### Your goal
Practice item. Set the material below down again exactly, with no pictures.

### Dataset content

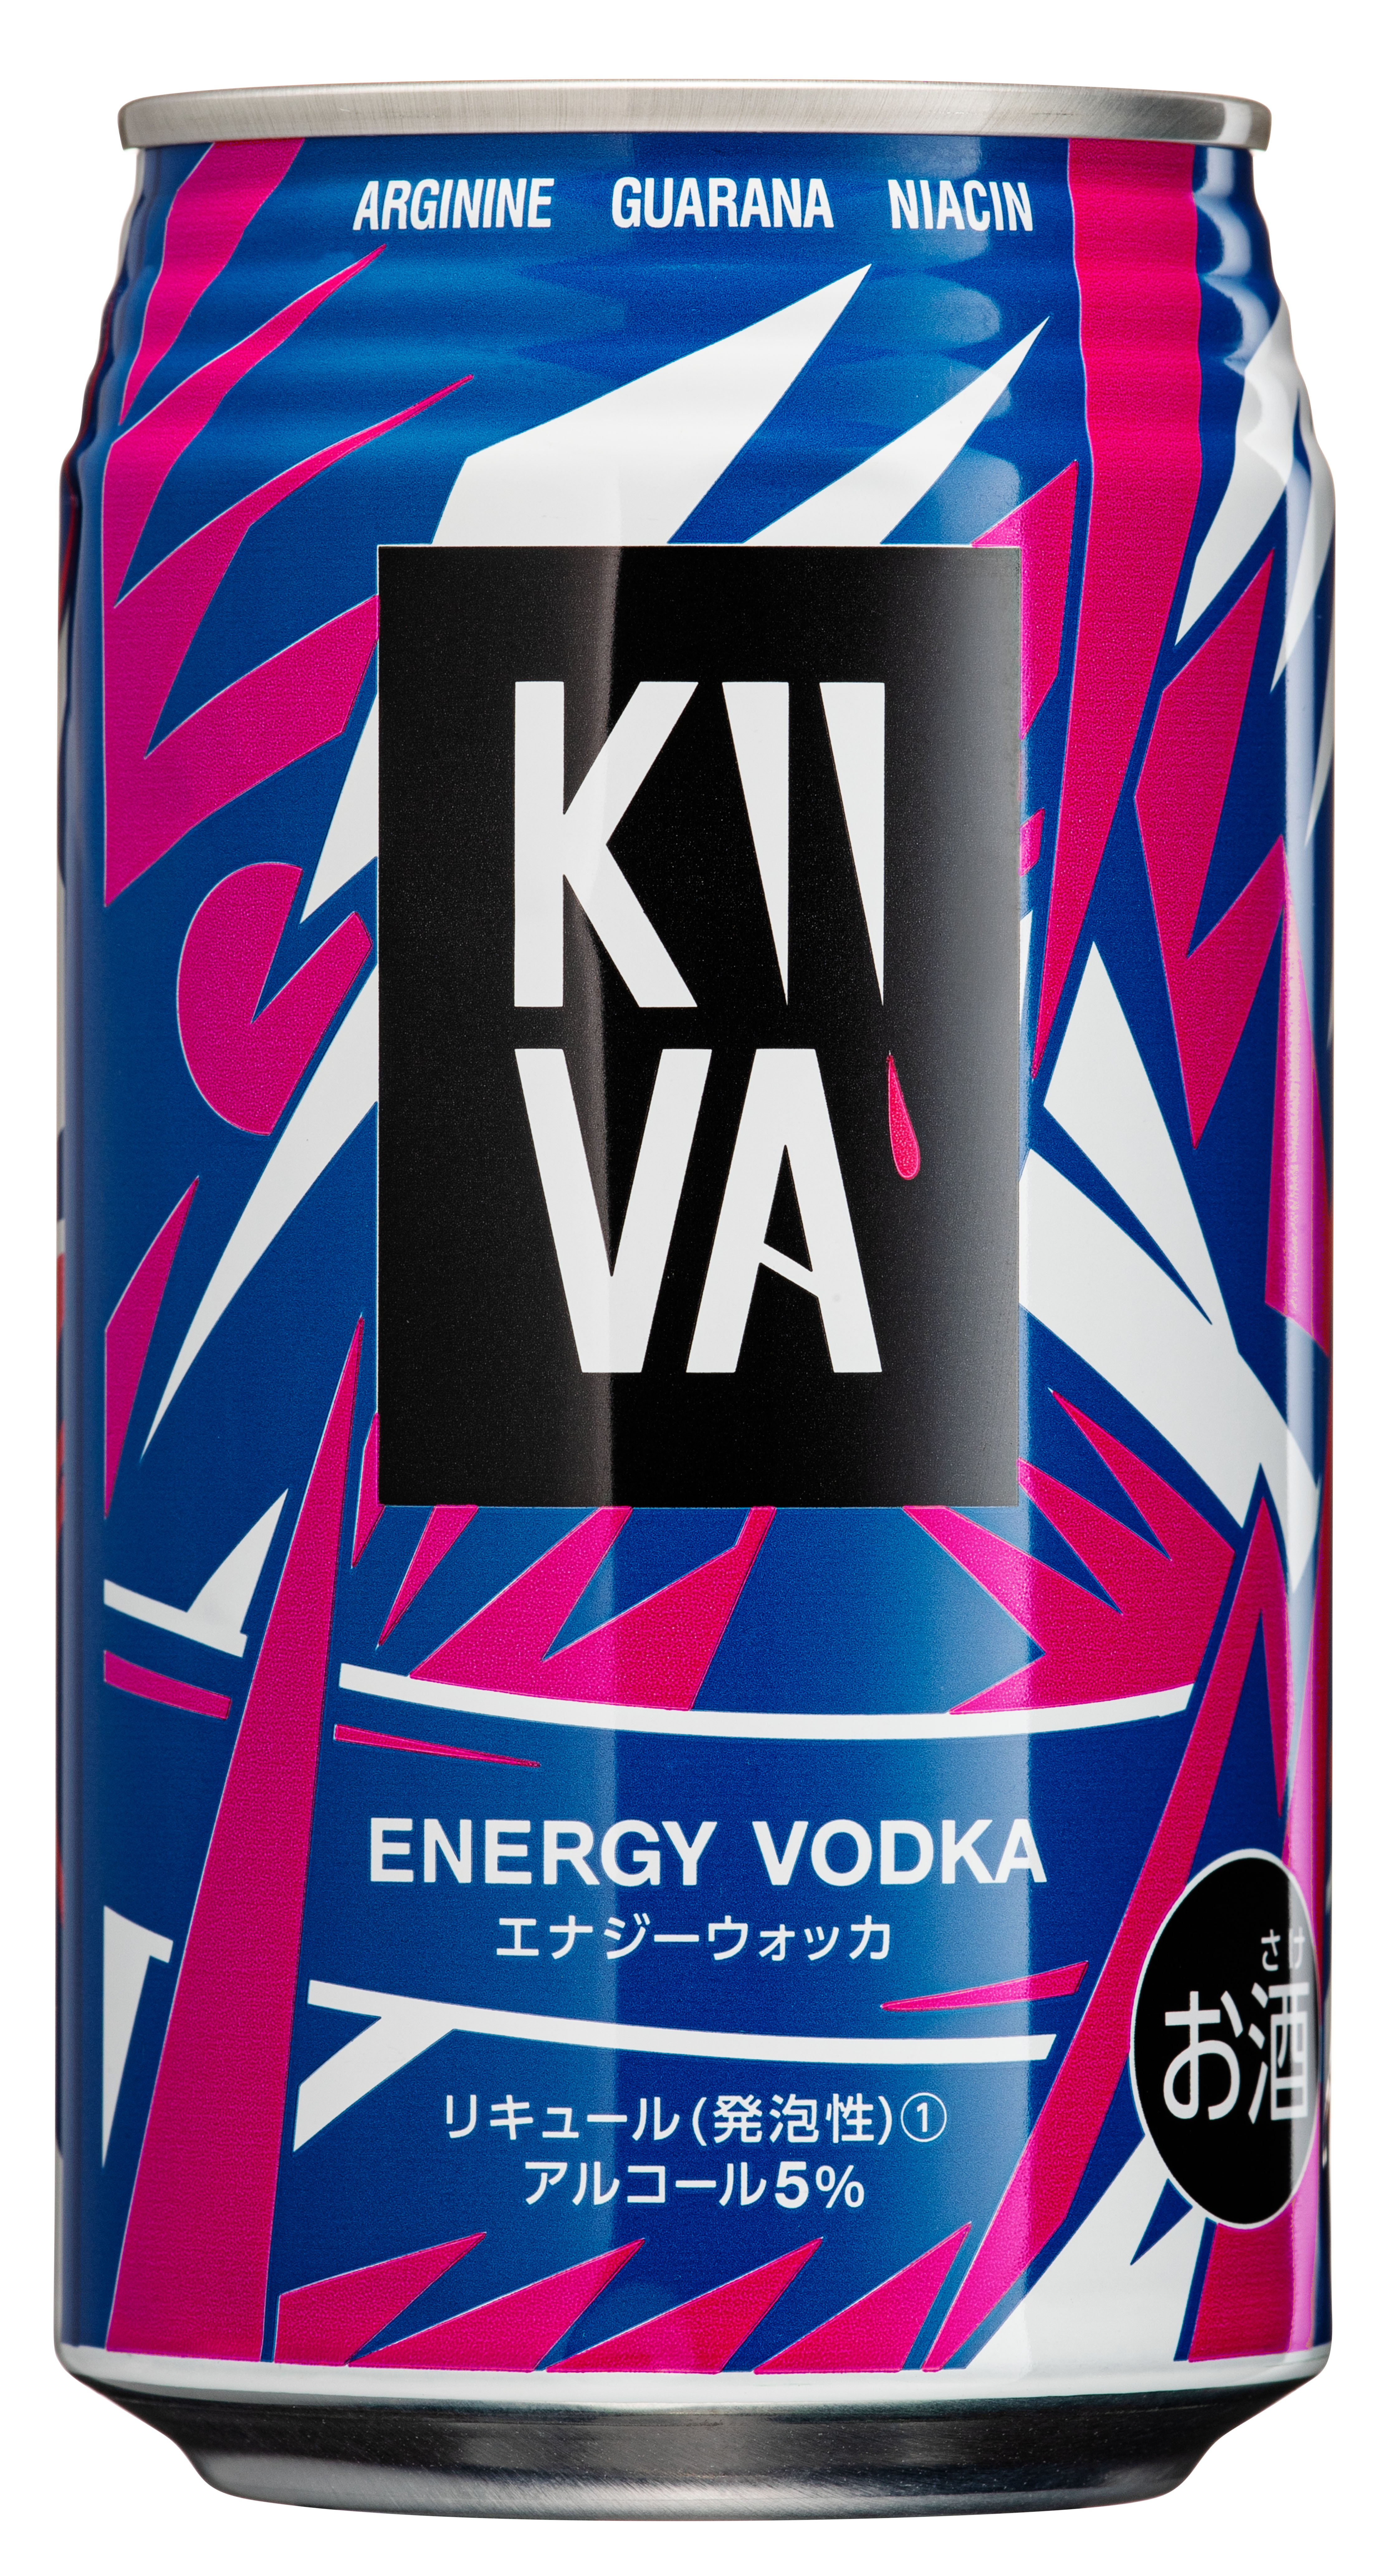 エナジードリンクブランド Kiiva キーバ が新アルコール商品 キーバエナジーウォッカ 発売 キーバ株式会社のプレスリリース
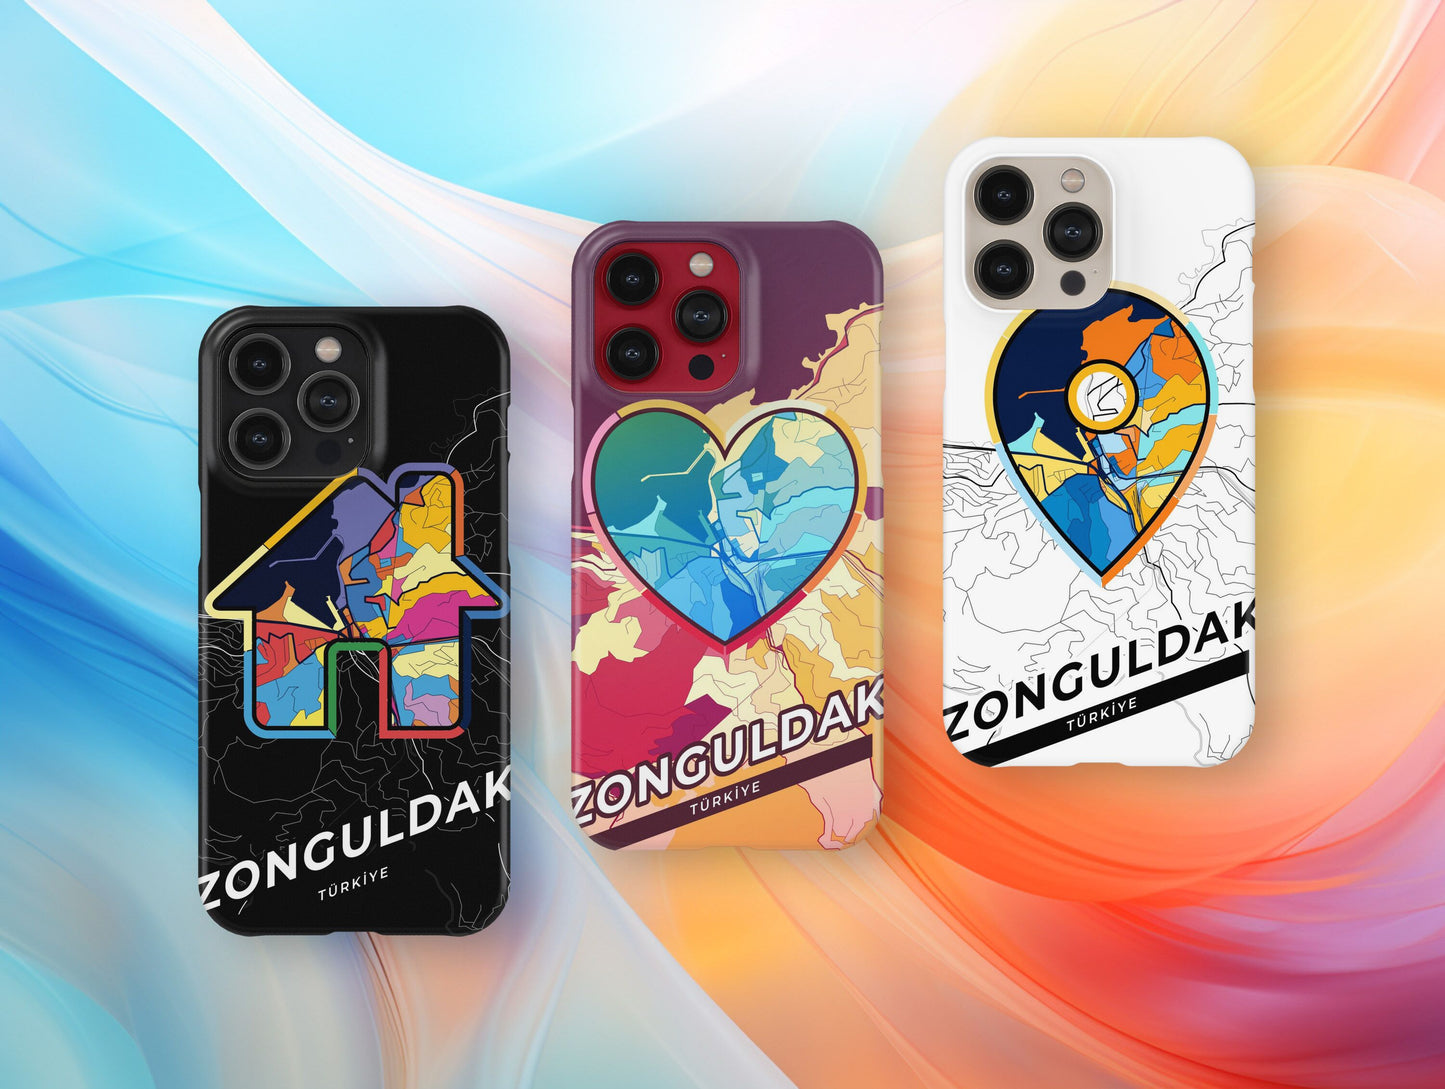 Zonguldak Turkey slim phone case with colorful icon
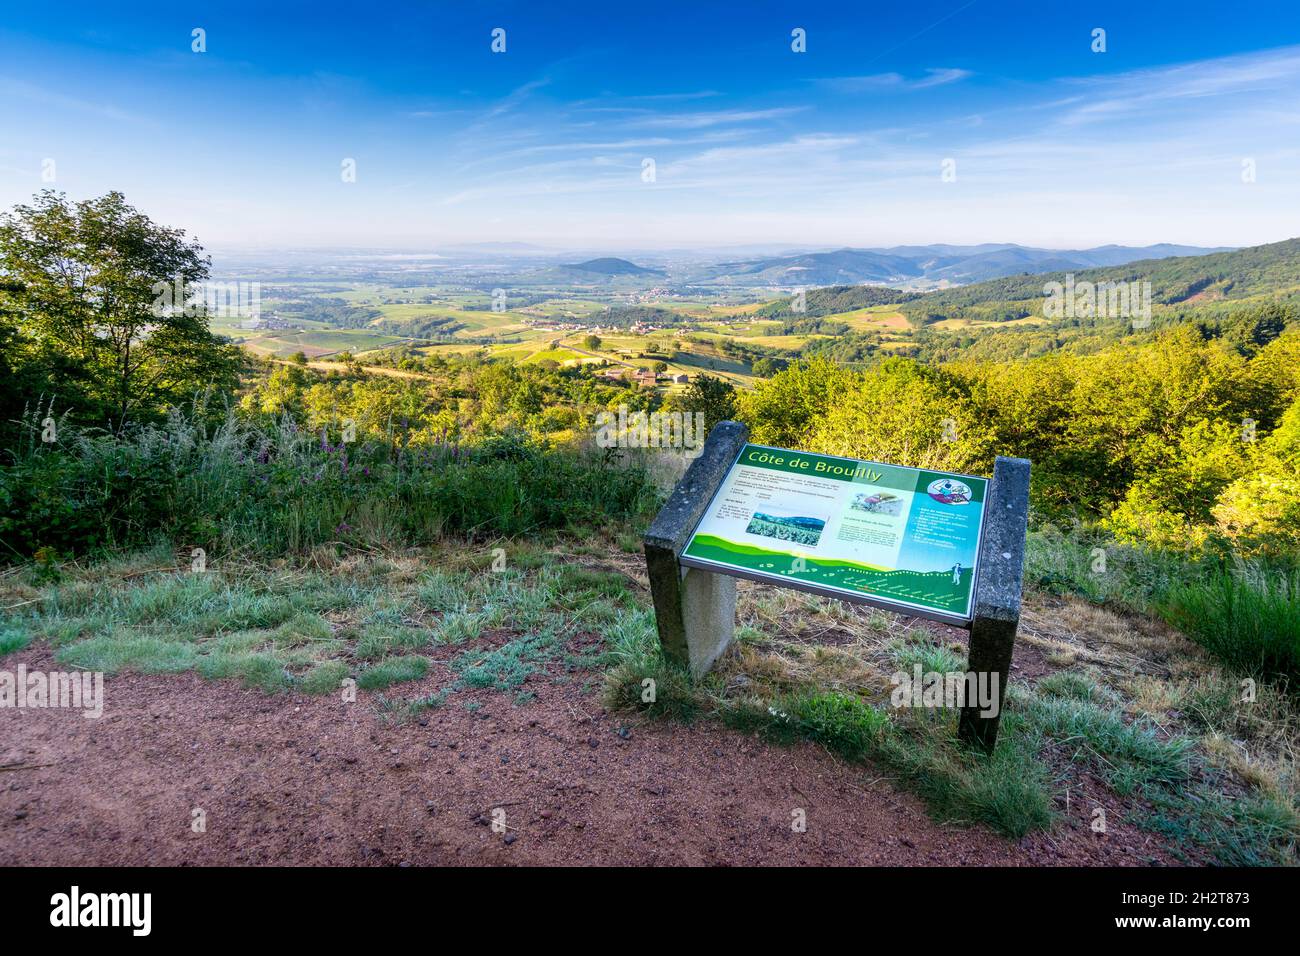 Le Mont Brouilly et le Beaujolais, vue depuis la terrasse de Chiroubles Foto Stock

### Result
 エナジードリンクブランド Kiiva キーバ が新アルコール商品 キーバエナジーウォッカ 発売 キーバ株式会社のプレスリリース
 Zonguldak Turkey slim phone case with colorful icon
 Le Mont Brouilly et le Beaujolais, vue depuis la terrasse de Chiroubles Foto Stock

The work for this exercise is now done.